• _Task statement_
Below are entries; repeat exactly, and nothing else, the lines from the one holding "Scuola Diaz, il" through the one holding "Lâu đài tân", inclusive. Leave the pictures out.

• _Entries provided_
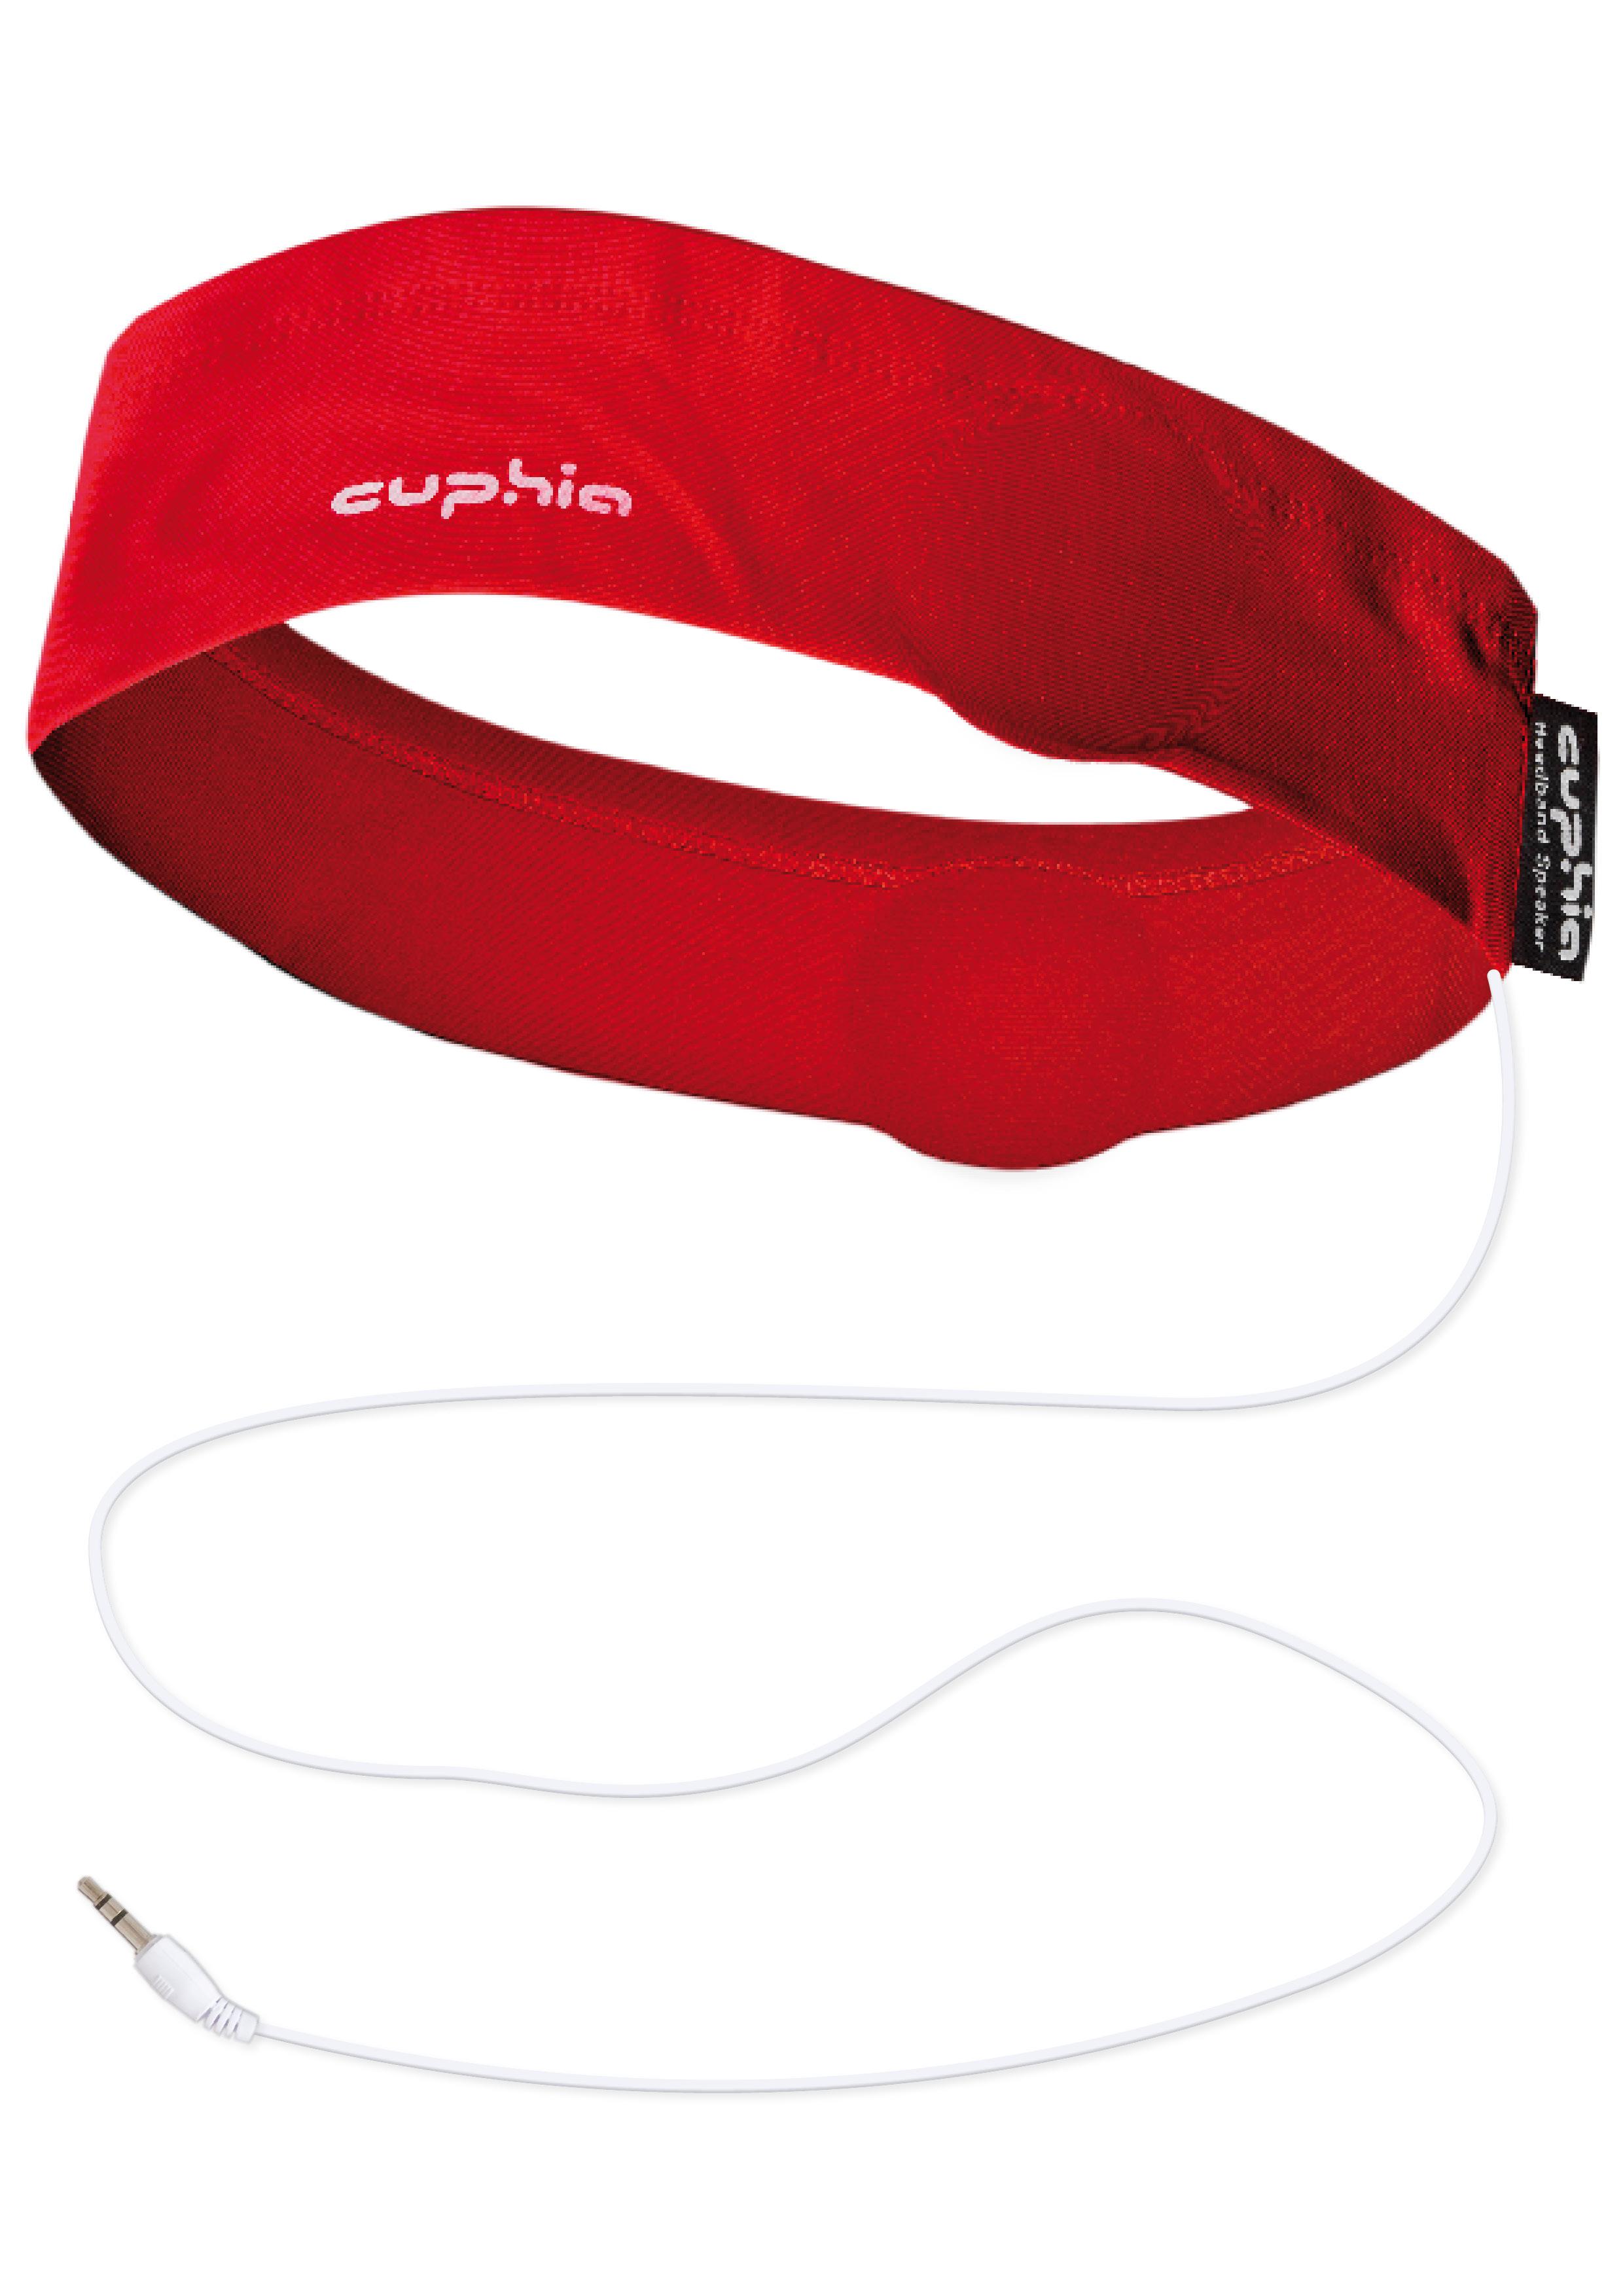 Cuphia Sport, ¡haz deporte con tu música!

* * *

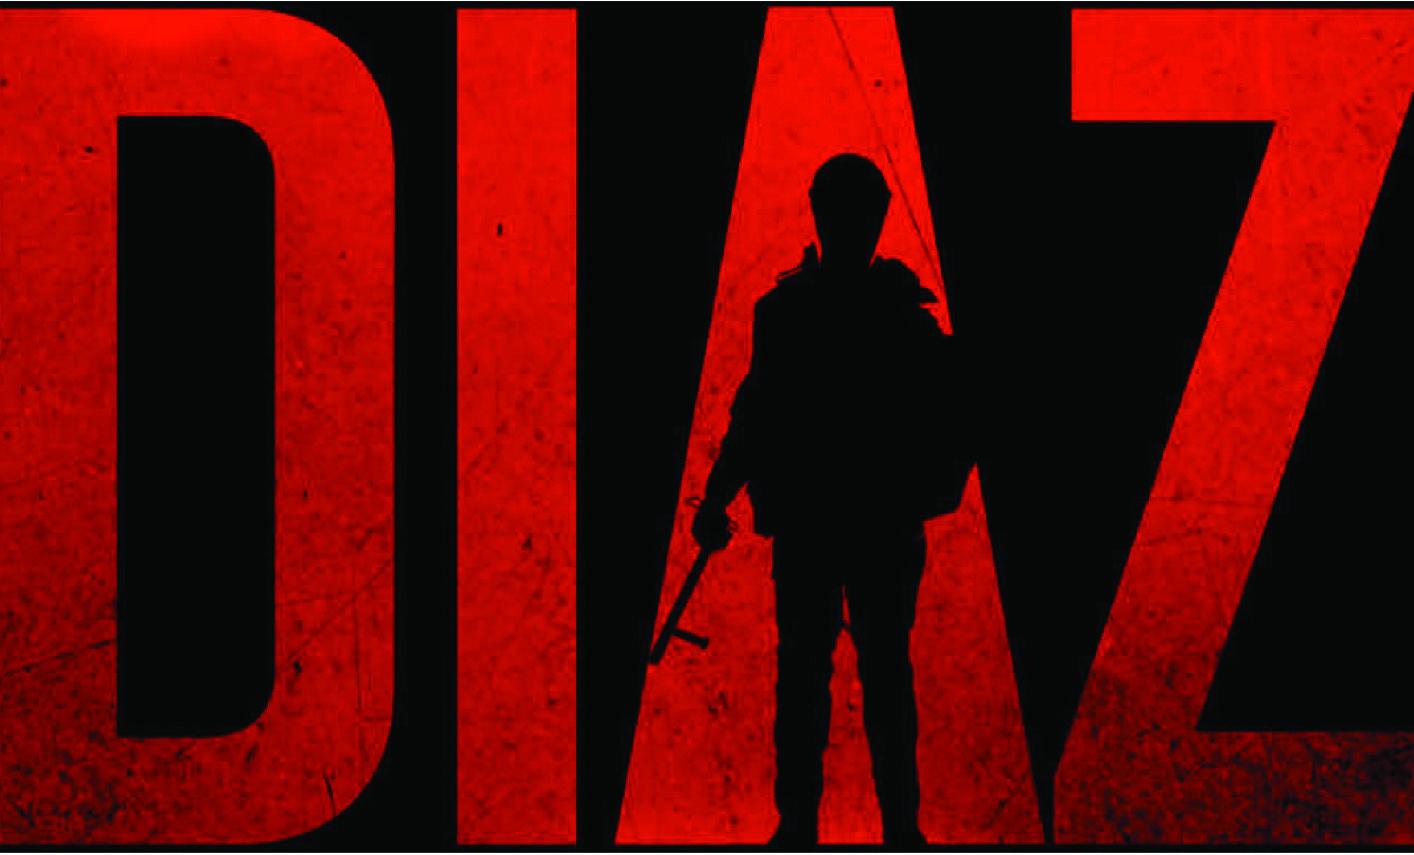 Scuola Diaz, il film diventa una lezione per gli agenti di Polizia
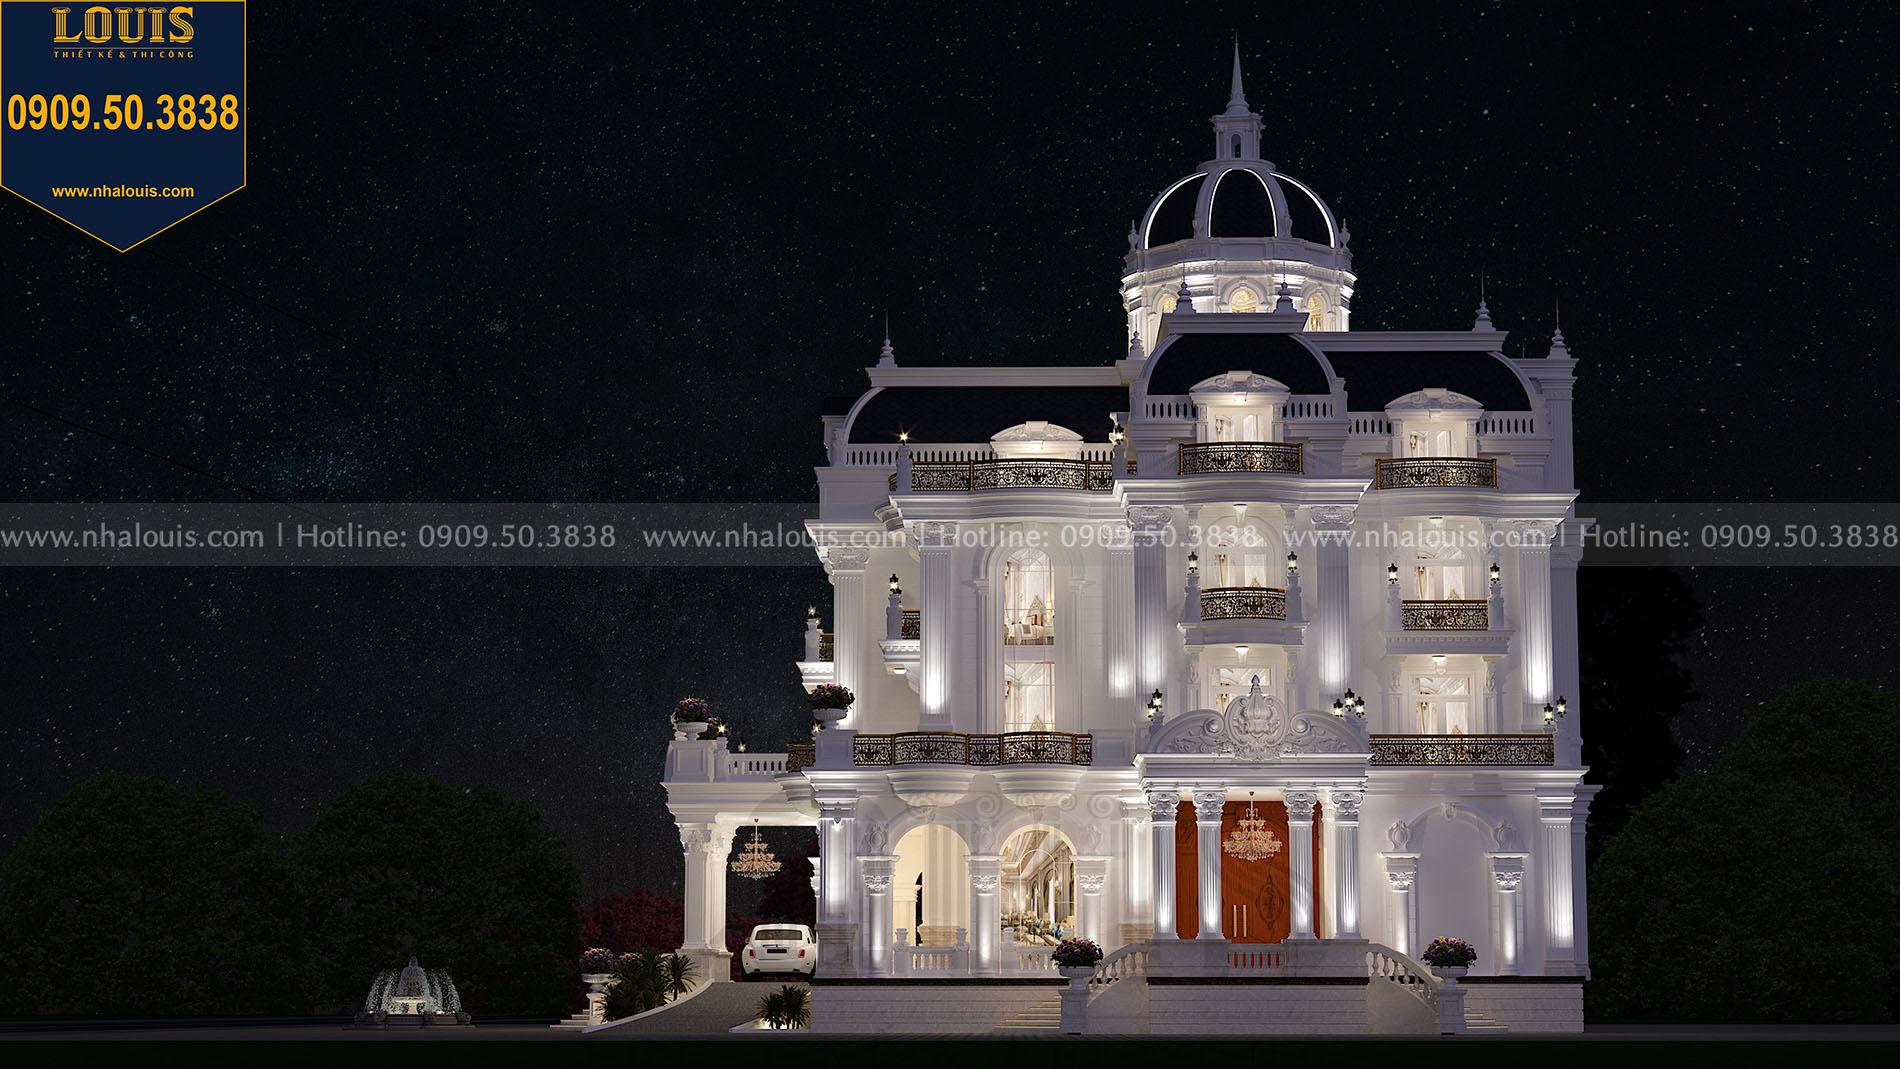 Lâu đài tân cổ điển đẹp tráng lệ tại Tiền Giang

...

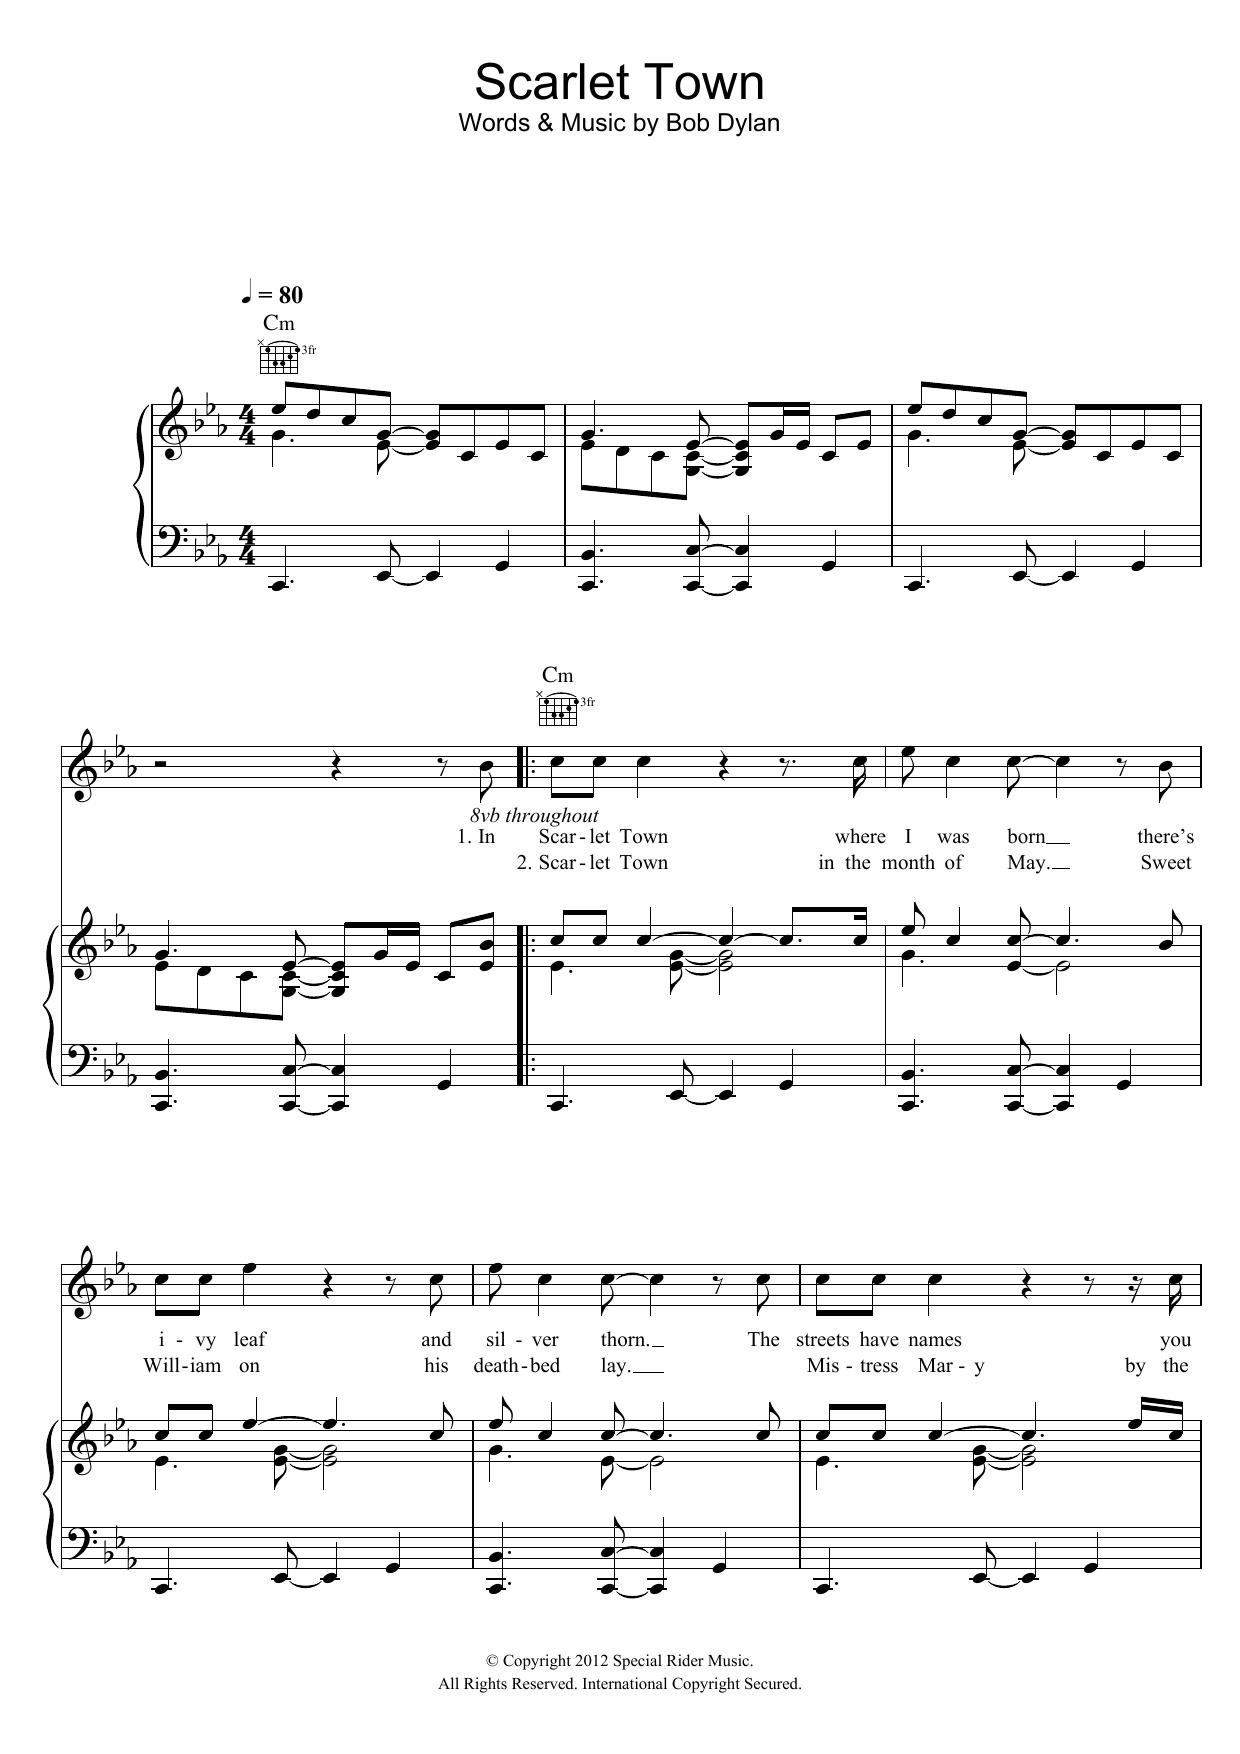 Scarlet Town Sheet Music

• _Final answer_
 Scuola Diaz, il film diventa una lezione per gli agenti di Polizia
 Lâu đài tân cổ điển đẹp tráng lệ tại Tiền Giang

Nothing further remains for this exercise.